Несколько торопливых слов любви… | Страница: 38

  • Georgia
  • Verdana
  • Tahoma
  • Symbol
  • Arial
16
px

– Знаешь, – сказал Борис, – не могу выкинуть Йоську из головы…

И мы вдруг стали, торопясь, перебивая друг друга, вспоминать разные, часто дурацкие, эпизоды нашей с ним дружбы.

* * *

Время от времени он приглашал нас на концерты. Я старалась увильнуть, а Борис с удовольствием принимал приглашения – он любит музыку, в отличие от меня. В тот раз Израильский филармонический под управлением Зубина Меты исполнял «Реквием» Верди…

На обратном пути, как обычно, Йоська восклицал, ахал, цокал языком, вспоминал другие оркестры, в исполнении которых слышал «Реквием» раз, возможно, пятьдесят… Но, как известно, «Зубин – велик, другого я не скажу…» Борис позволил себе заметить, что в отличие от «Реквиема» Моцарта музыка Верди не кажется ему столь же глубокой, что ей не хватает подлинной трагедии, что Верди вообще несколько театрален…

Йоська – обычно обходительный и нежный в беседе – бросил руль (машина мчалась вниз по серпантину из Иерусалима в Маале-Адумим) и завопил, потрясая кулаками: «Если б ты слушать столько музыка, сколько я, ты бы такого не сказать!!! Я тебе докажу!!!»

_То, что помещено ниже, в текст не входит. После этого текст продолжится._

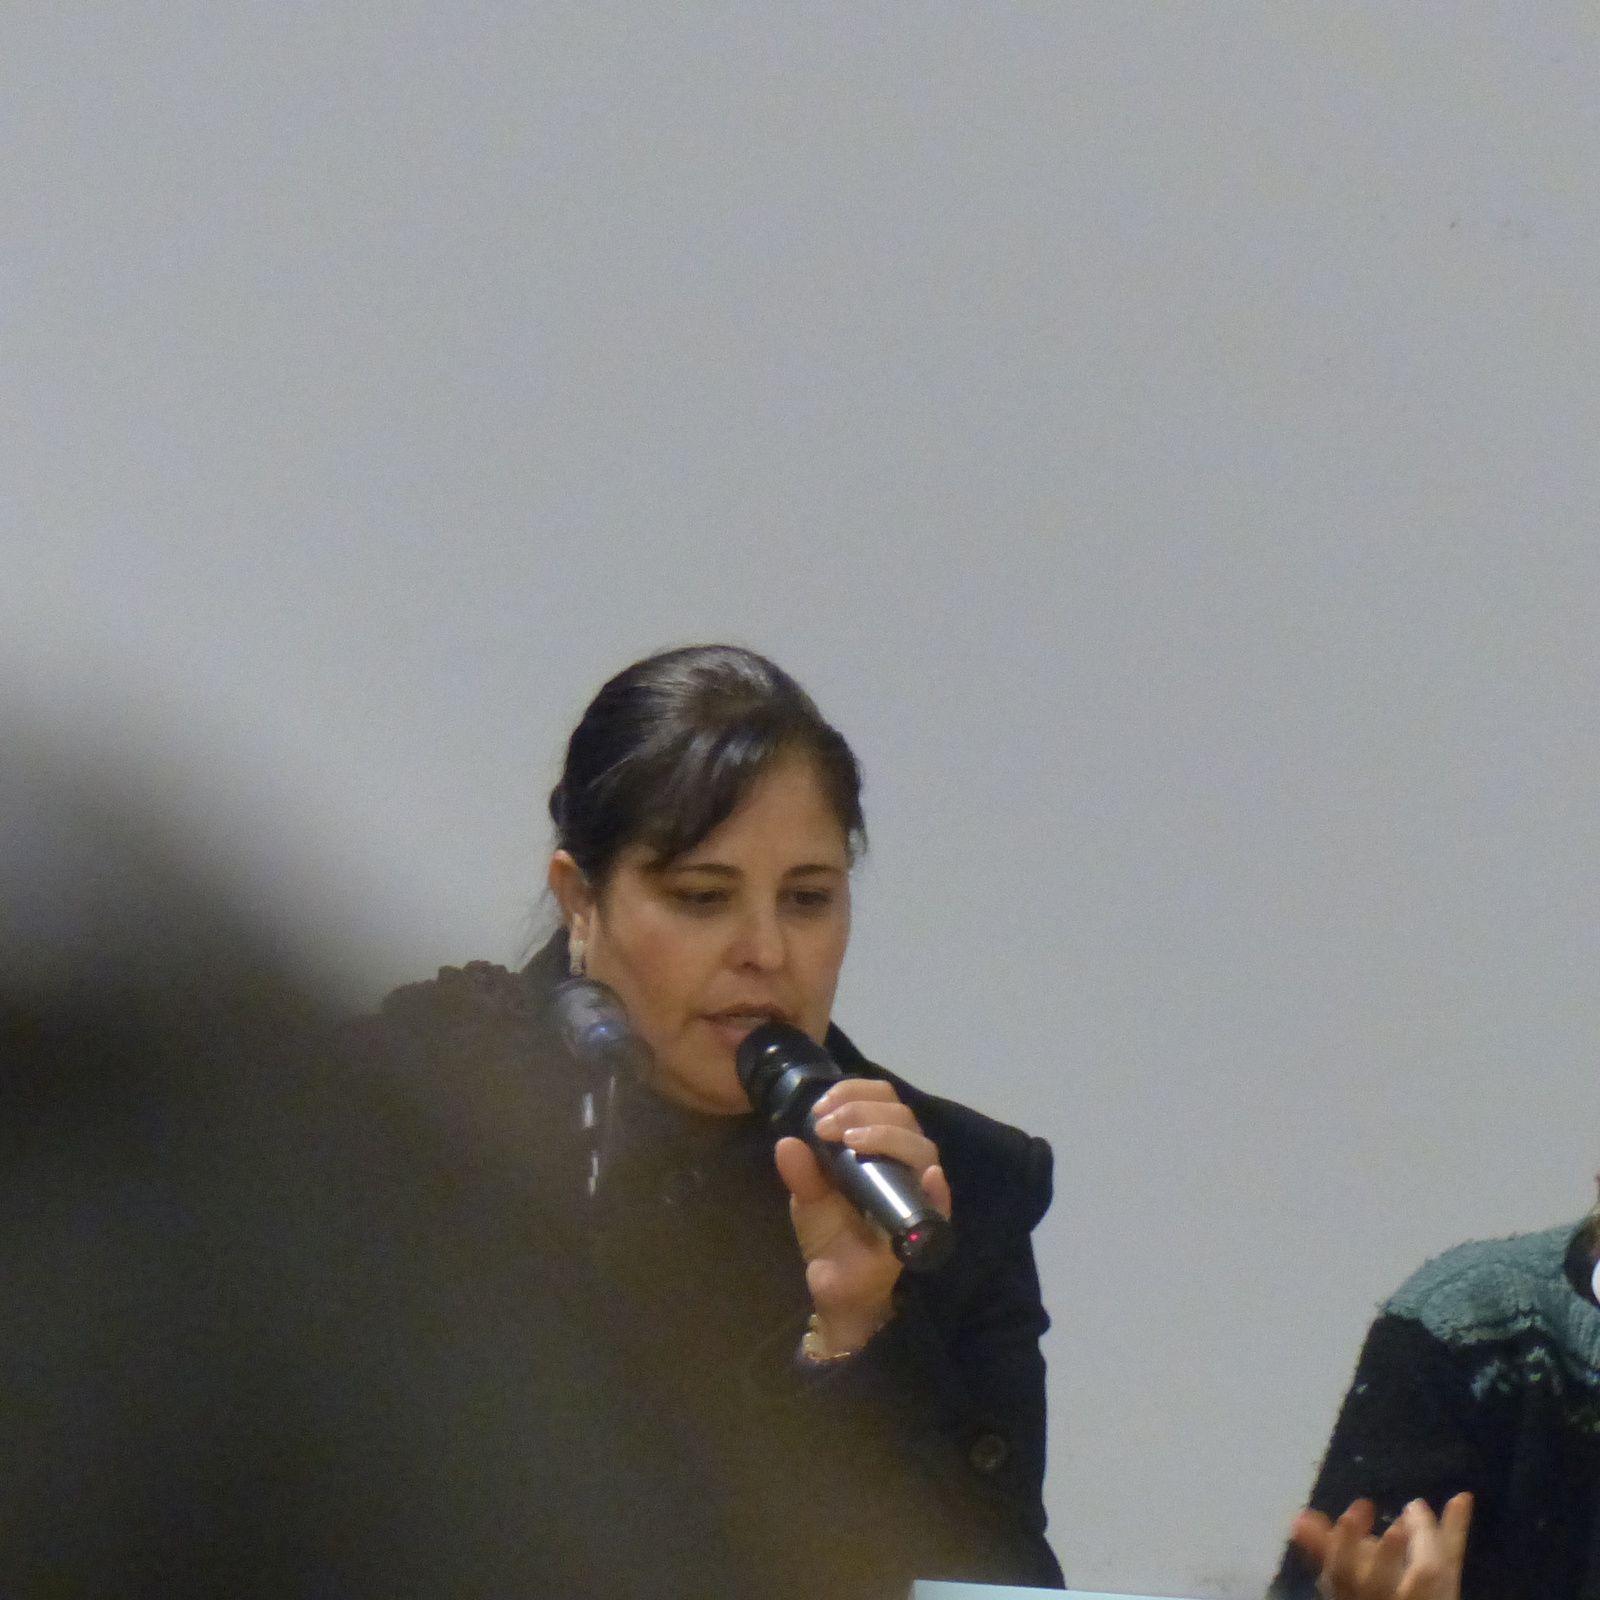 Trois mères de jeunes disparus: A Chihuahua, DF, Ayotzinapa. Réclamant justice.

– Чудом не перевернулись… – сказал Боря.

– Помнишь, к нему как-то приезжал папа, и он так радовался, так простодушно хвастался: «Приехал папа, дал деньги…»

В тот раз он представил папе свою женщину, и она понравилась старику. Весь вечер тот проговорил с ней по-французски… Йоська был счастлив и горд: Папа оценить, папа сказать – видна порода…

Кажется, этот роман длился еще несколько месяцев, и наш бедный друг умолял ее оставить семью и завязать судьбу навеки, но она так и не решилась… Между нами, я могла ее понять…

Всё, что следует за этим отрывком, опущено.